TASK REQUIREMENTS – In your copy, include every line of the listing below exactly but none of the pictures.

GIVEN INFORMATION –
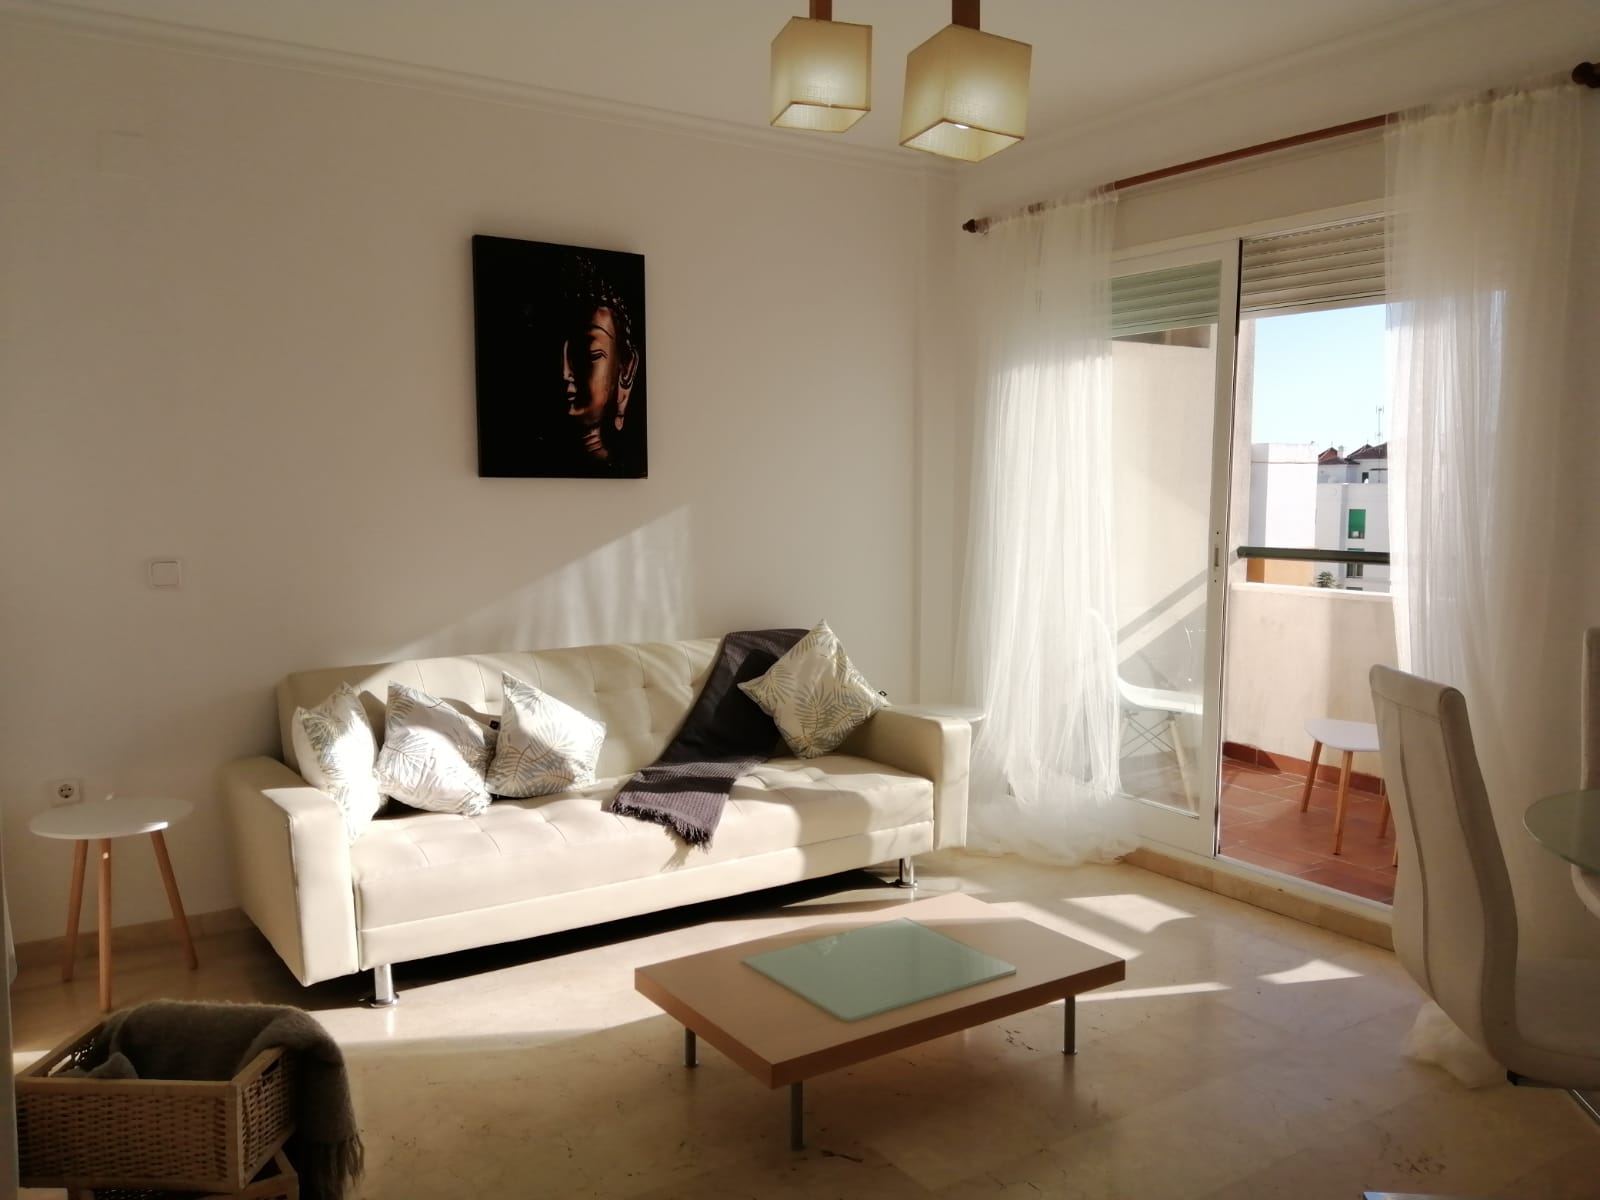 Apartamento de 1 dormitorio en alquiler cerca del puerto de Estepona - mibgroup.es
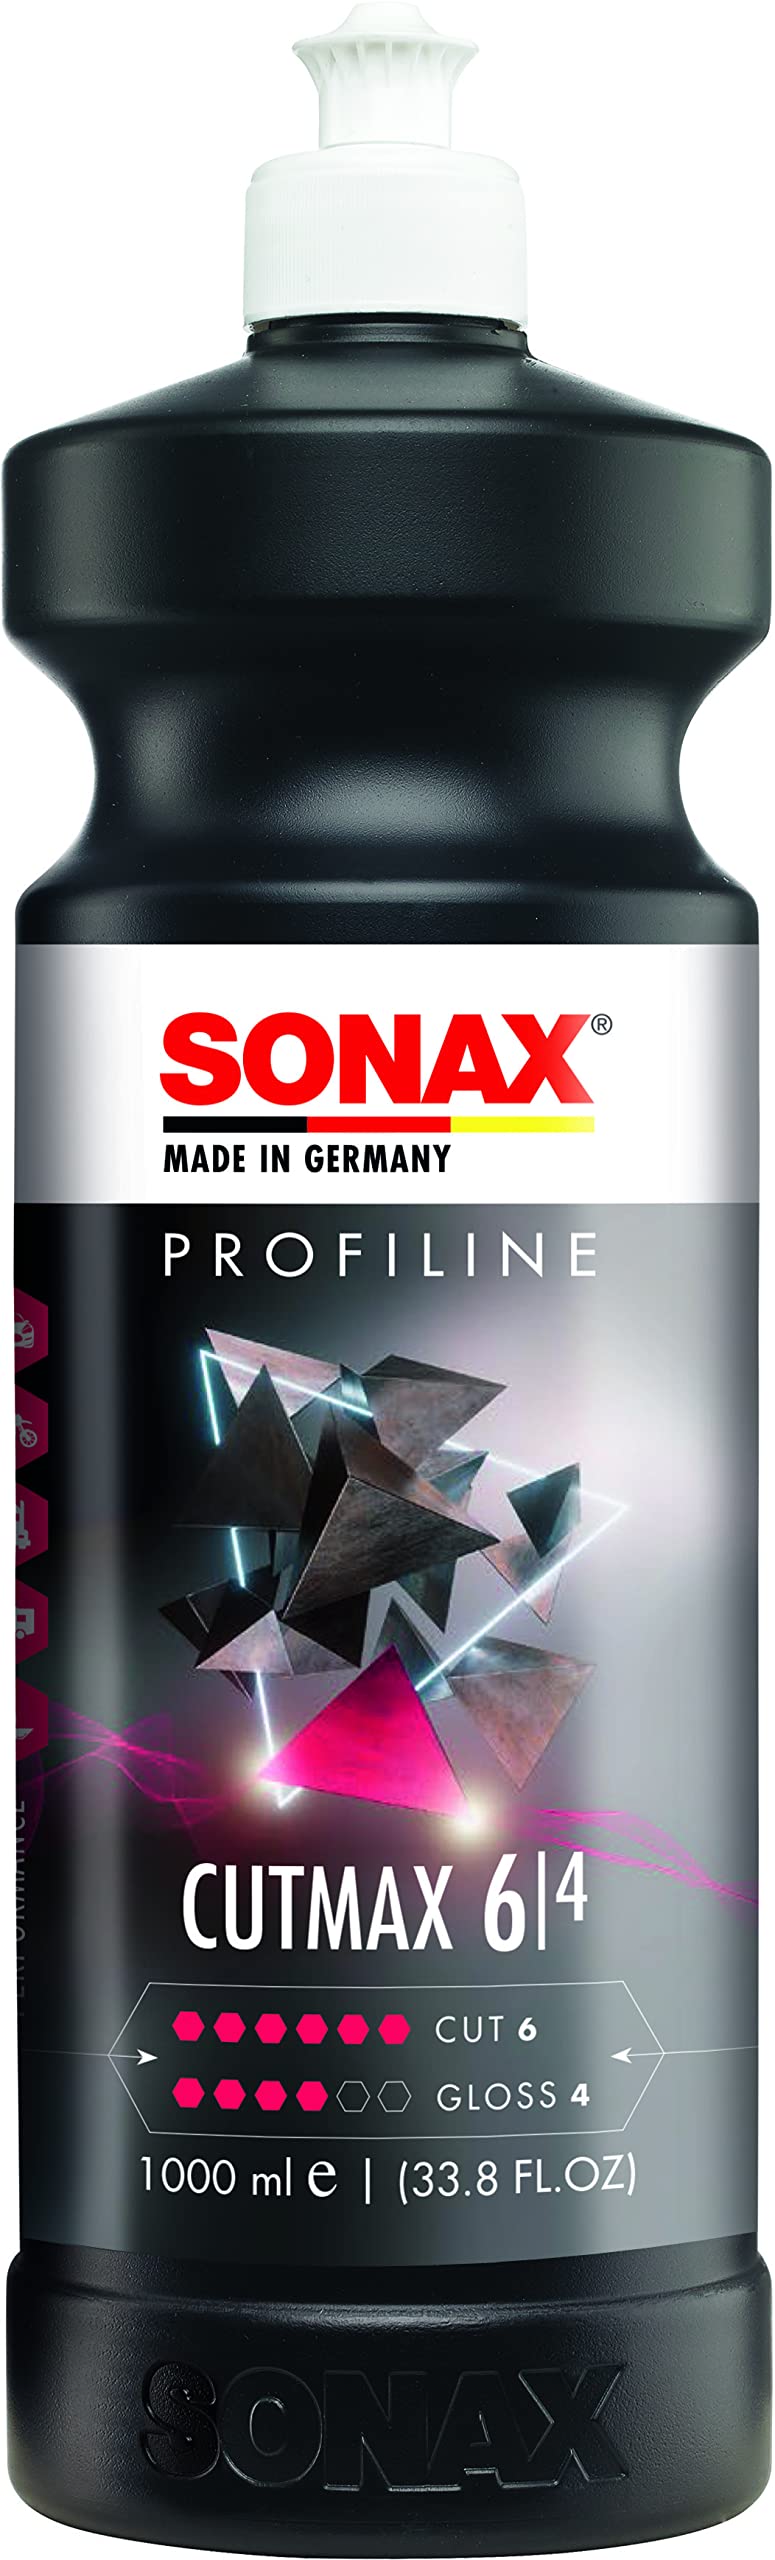 SONAX PROFILINE CutMax (1 Liter) hoch effektive Schleifpolitur für den Lackfinishbereich | Art-Nr. 02463000
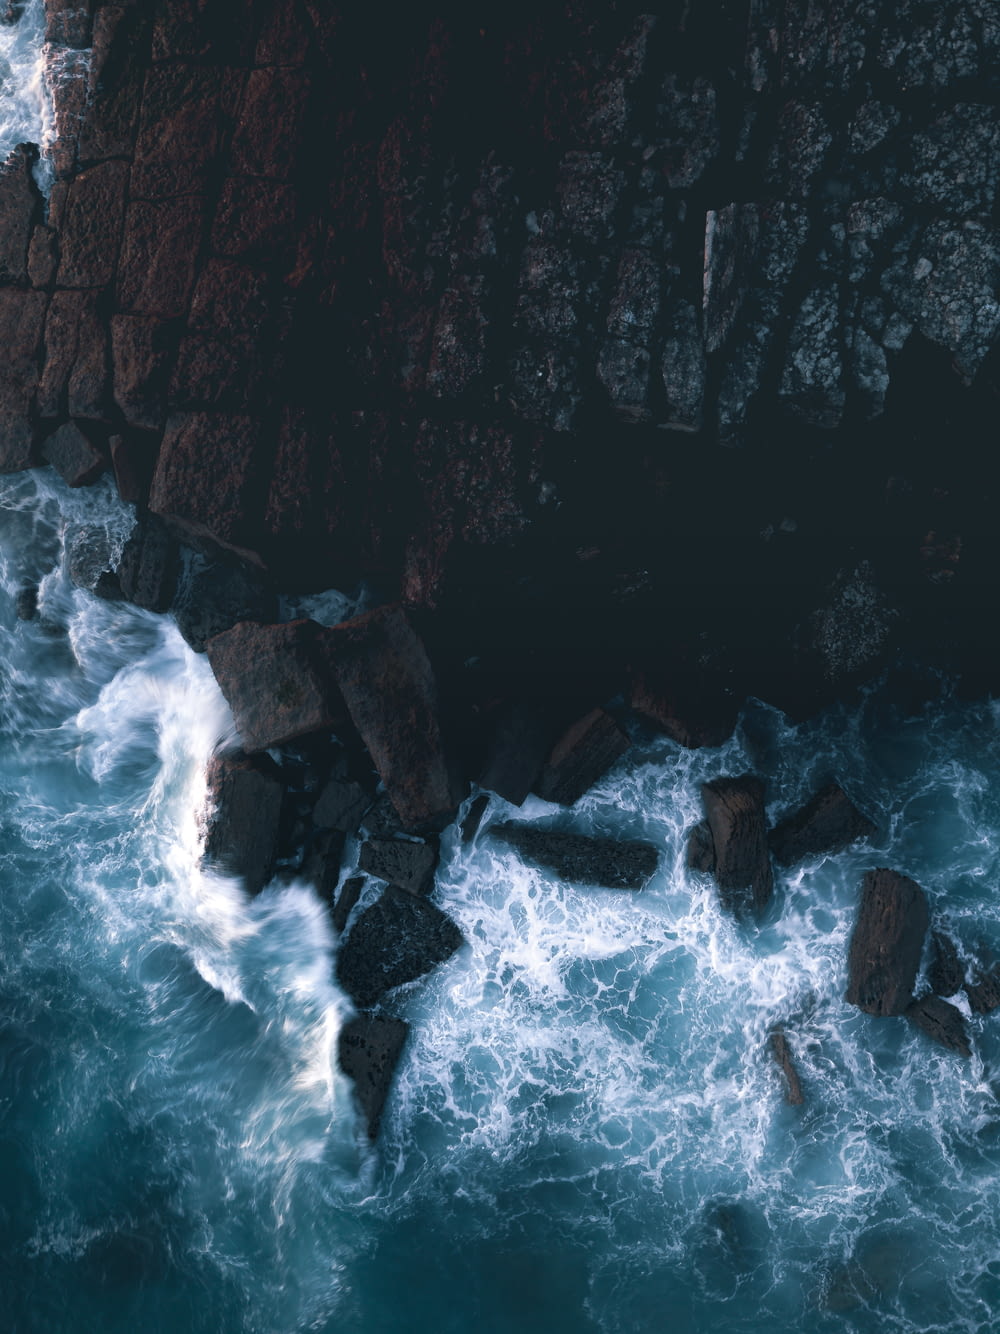 water waves hitting rocks during daytime

RESULT BELOW –
 Apartamento de 1 dormitorio en alquiler cerca del puerto de Estepona - mibgroup.es
 SONAX PROFILINE CutMax (1 Liter) hoch effektive Schleifpolitur für den Lackfinishbereich | Art-Nr. 02463000
 water waves hitting rocks during daytime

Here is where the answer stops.